* **EXTRACTED DATA**:
*** Begin section ***
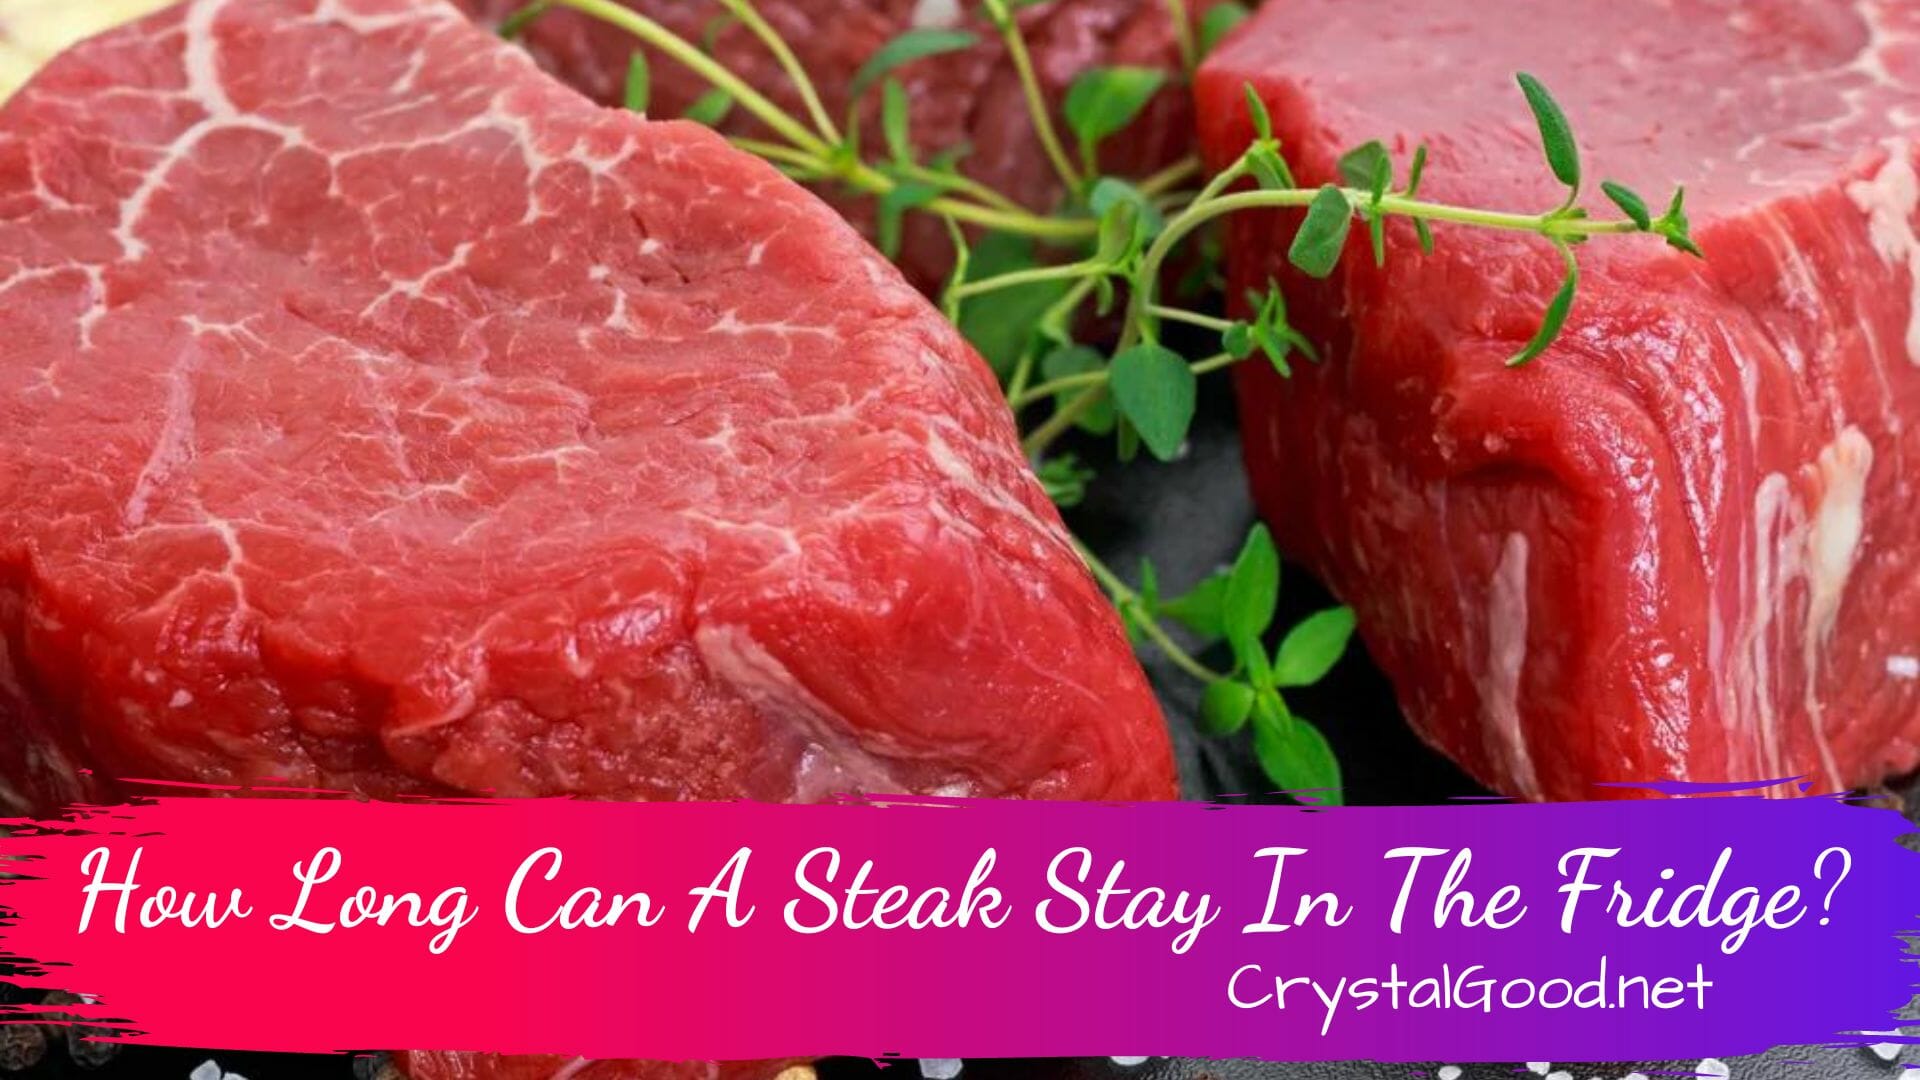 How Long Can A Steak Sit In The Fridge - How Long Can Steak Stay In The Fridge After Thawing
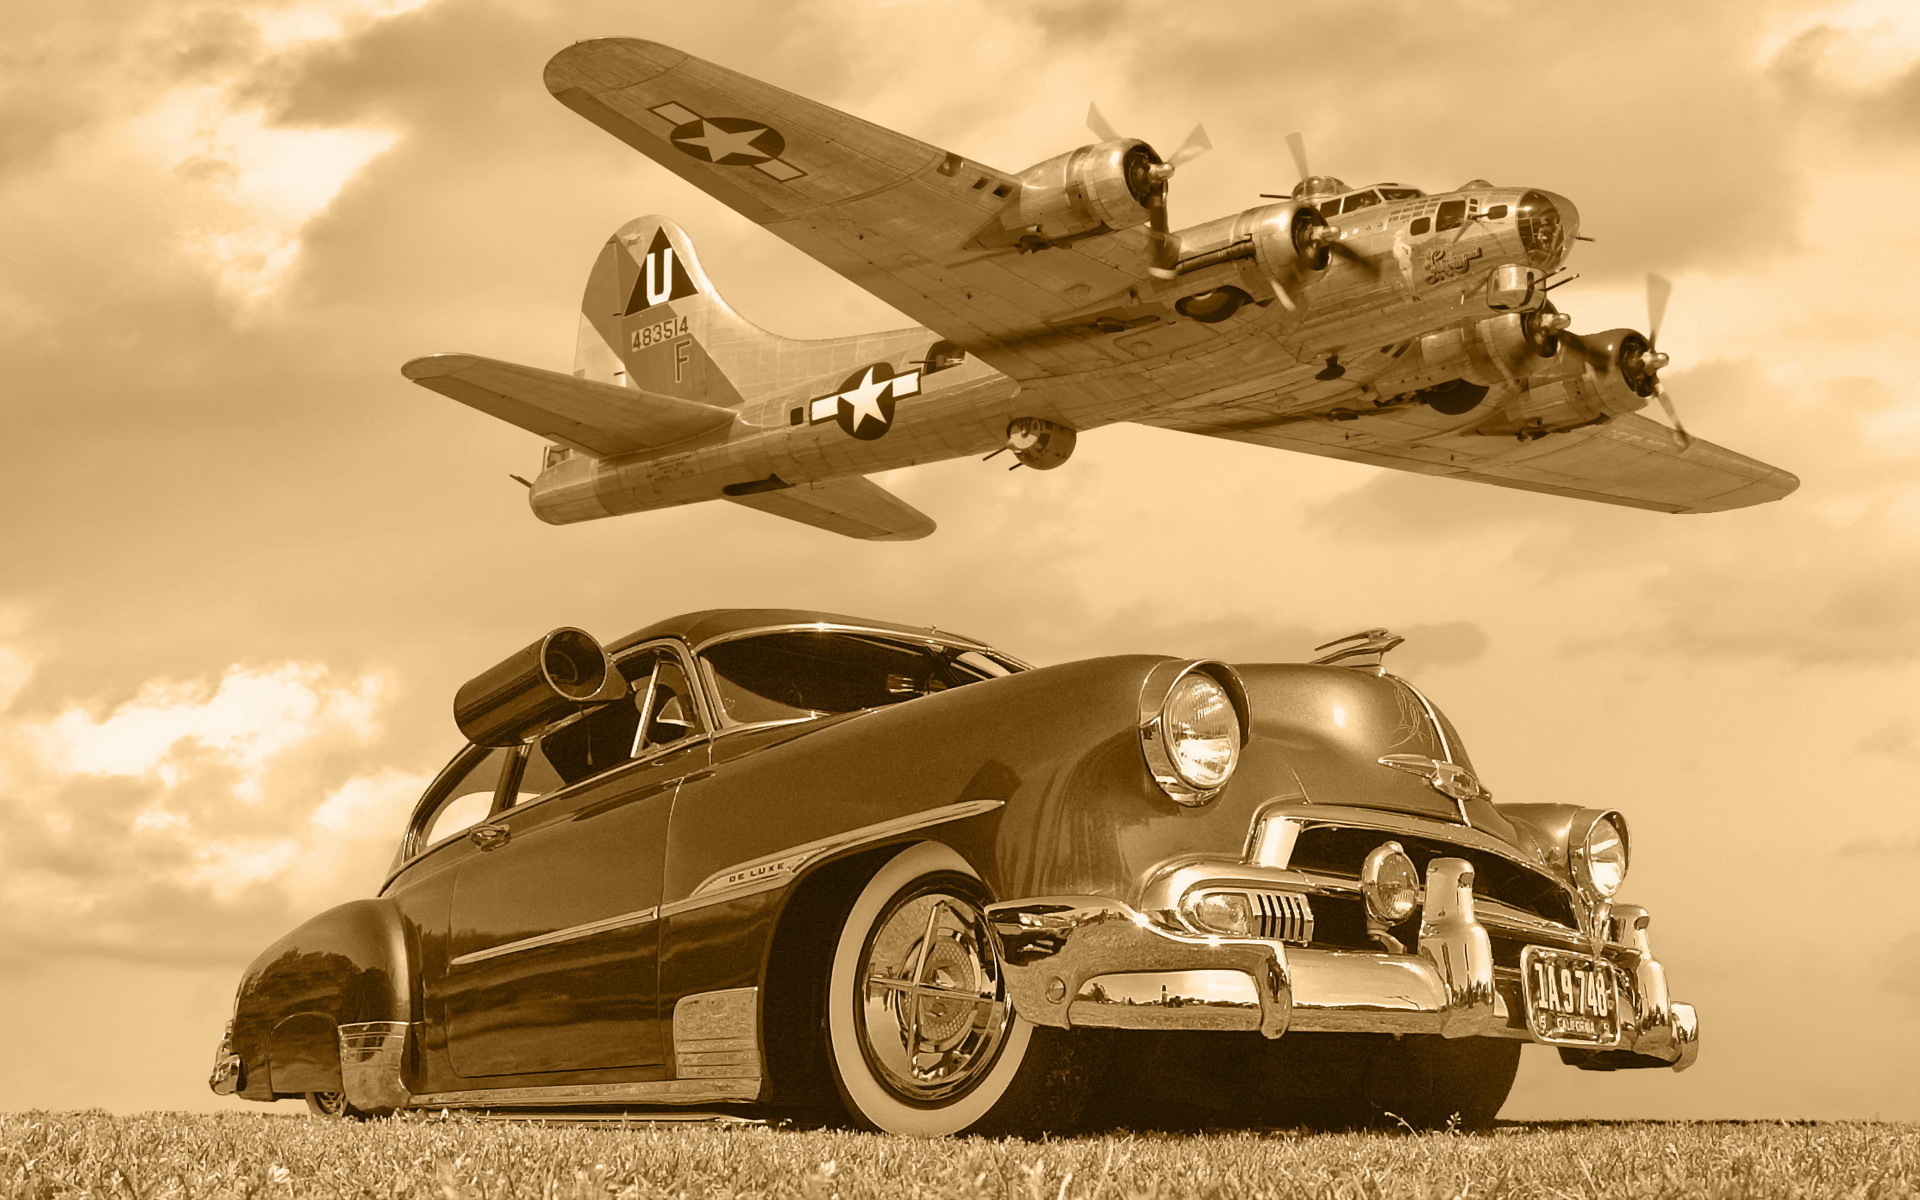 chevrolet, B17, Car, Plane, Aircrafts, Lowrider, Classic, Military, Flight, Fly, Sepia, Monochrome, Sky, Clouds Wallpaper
*** End section ***
*** Begin section ***
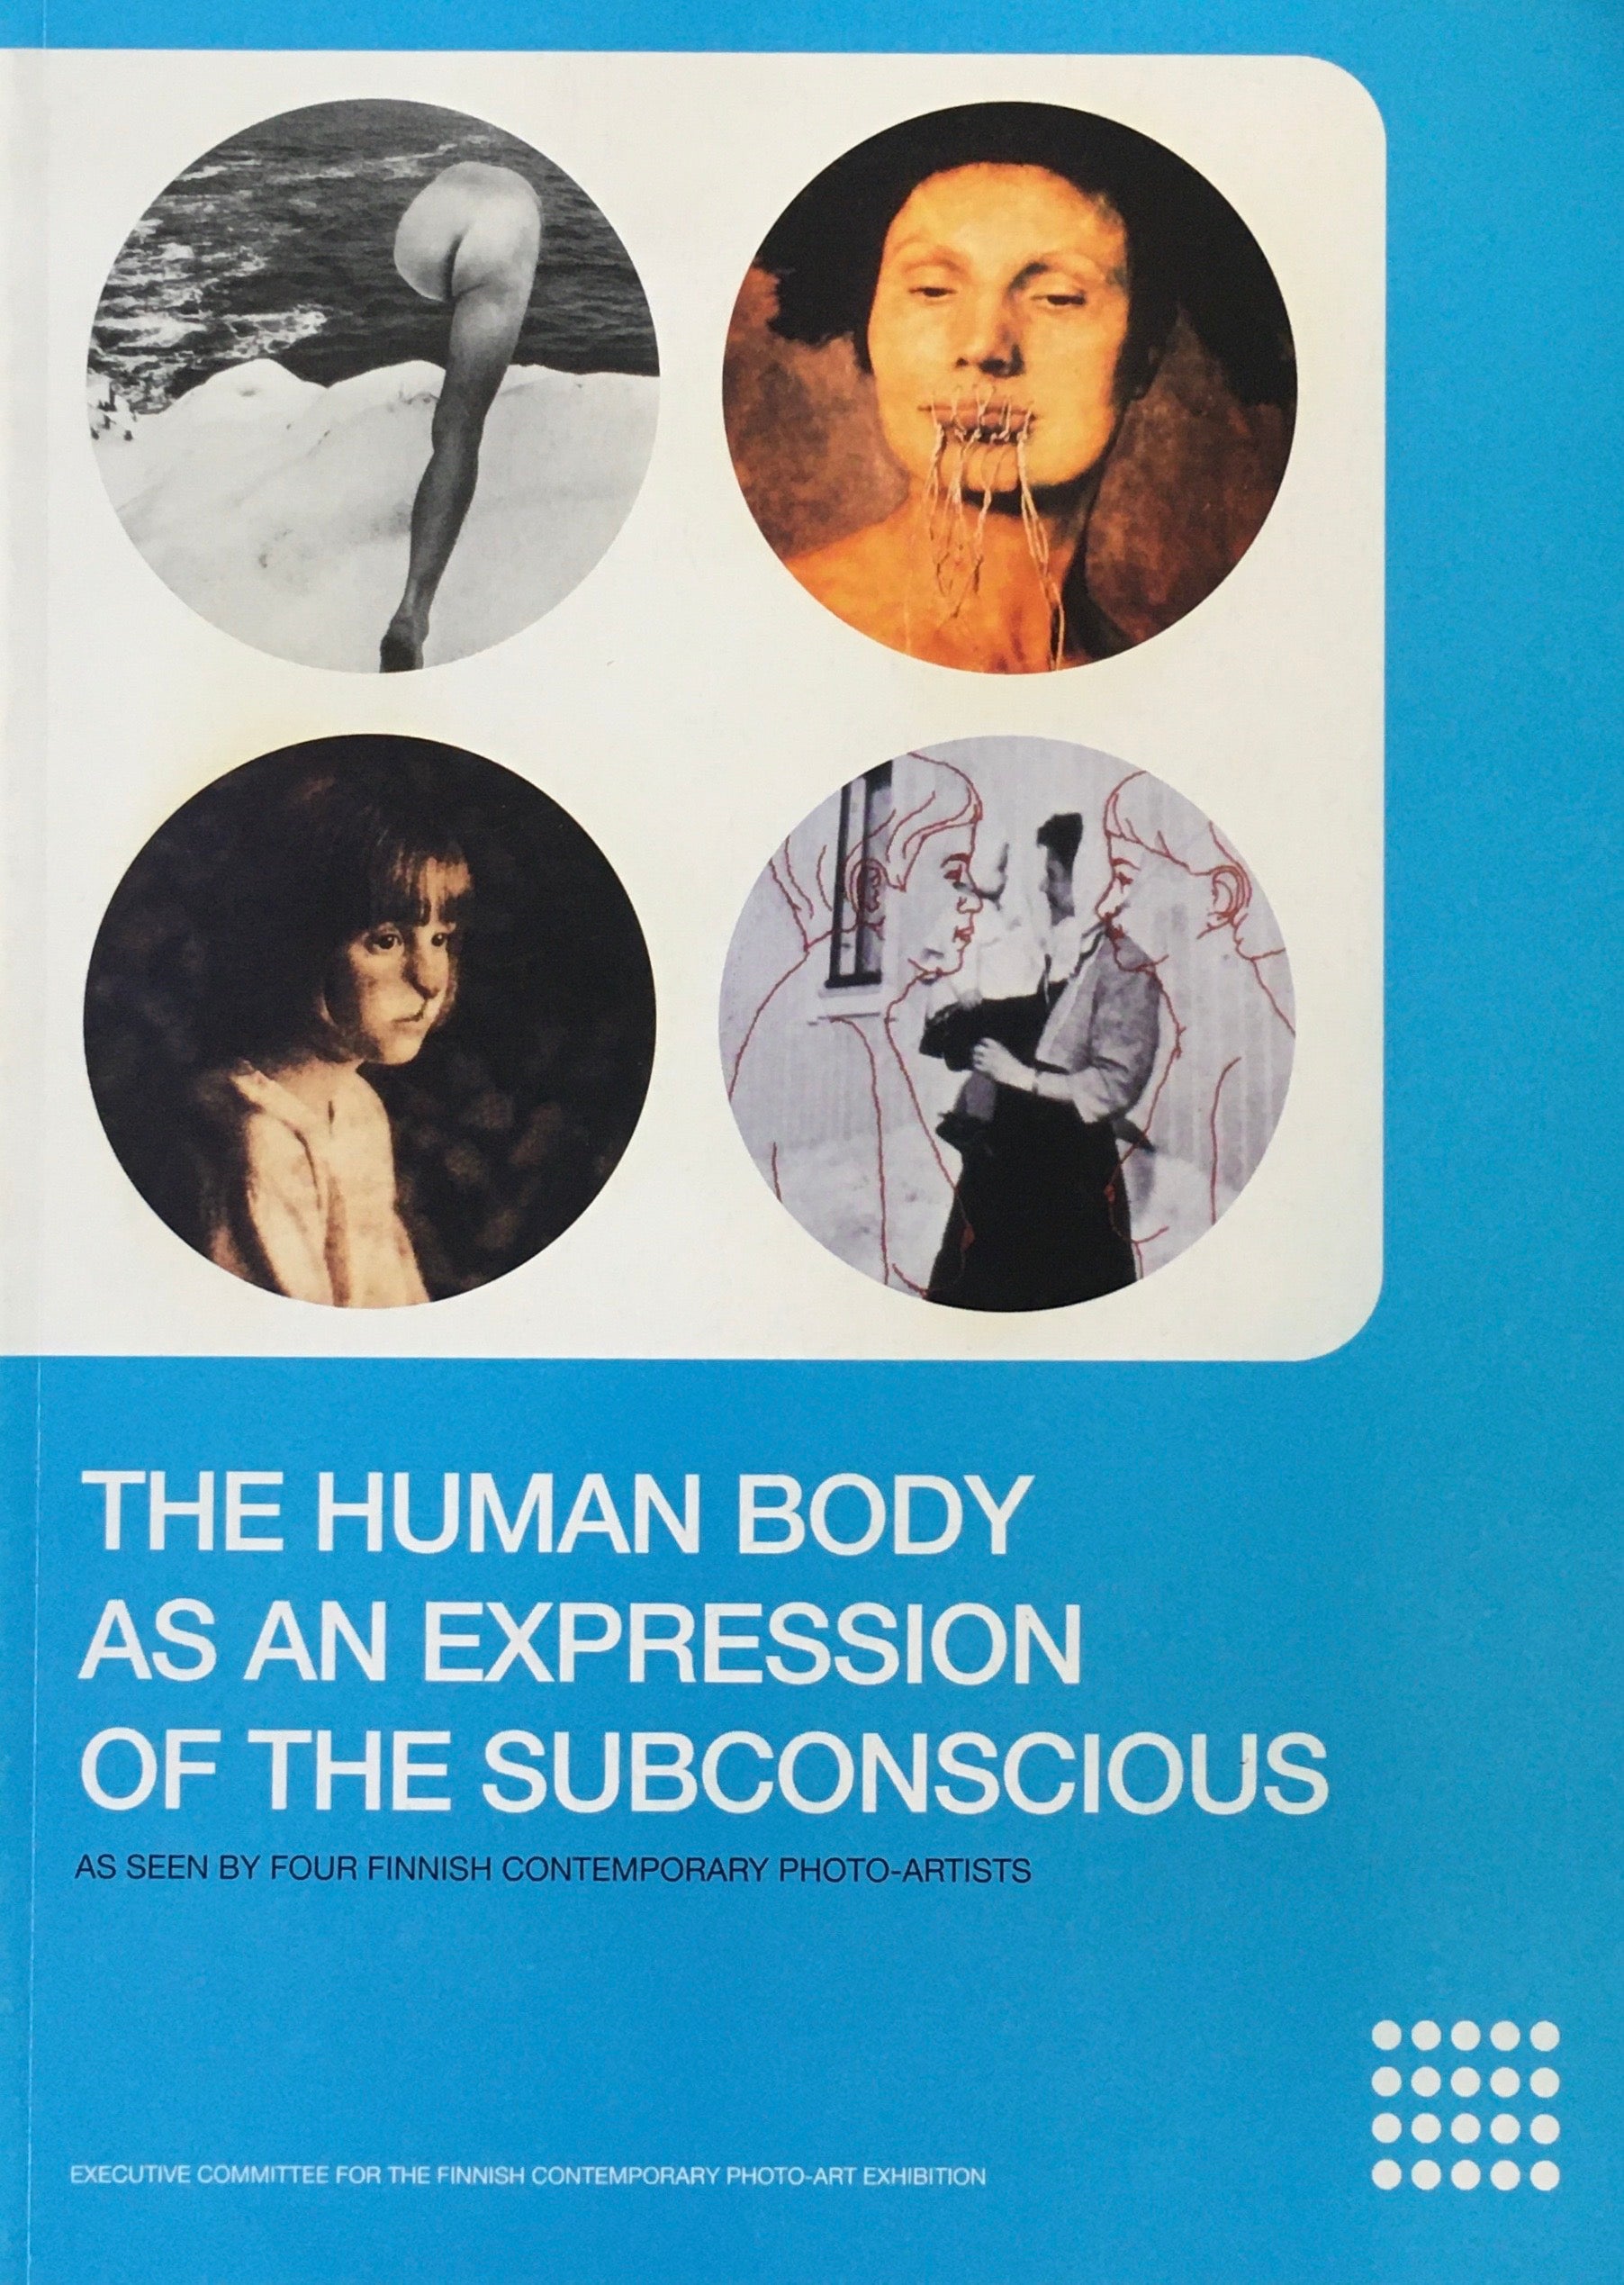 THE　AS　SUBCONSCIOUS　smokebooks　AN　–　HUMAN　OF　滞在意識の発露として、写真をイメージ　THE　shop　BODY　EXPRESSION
*** End section ***
*** Begin section ***
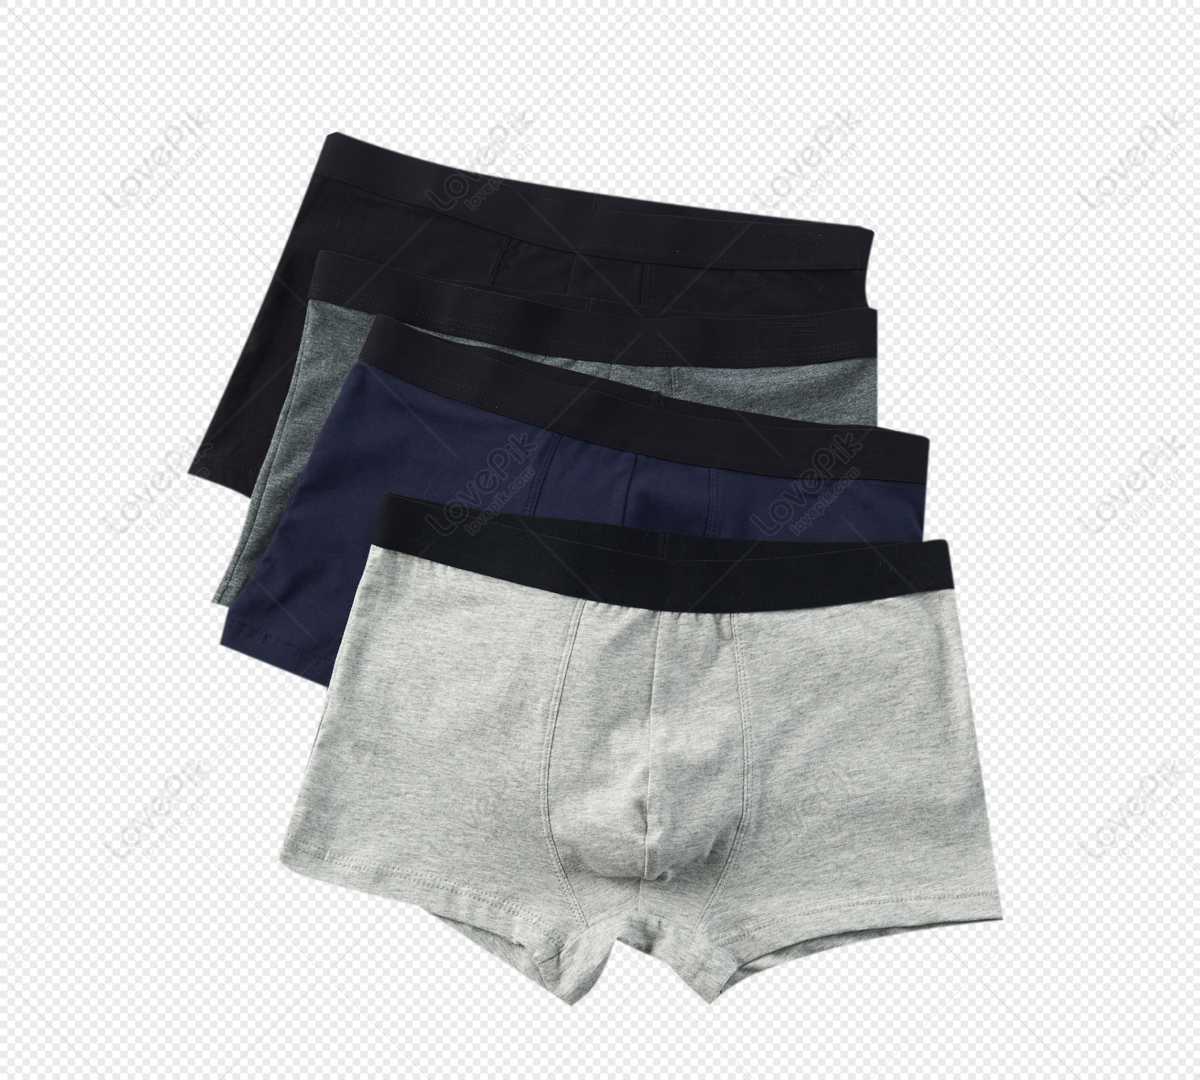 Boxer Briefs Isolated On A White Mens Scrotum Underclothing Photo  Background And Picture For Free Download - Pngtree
*** End section ***
Taking the material above, give again exactly the lines from the one holding "How Long Can A" through the one holding "Sky, Clouds Wallpaper", with both ends and without pictures.

 How Long Can A Steak Sit In The Fridge - How Long Can Steak Stay In The Fridge After Thawing
 chevrolet, B17, Car, Plane, Aircrafts, Lowrider, Classic, Military, Flight, Fly, Sepia, Monochrome, Sky, Clouds Wallpaper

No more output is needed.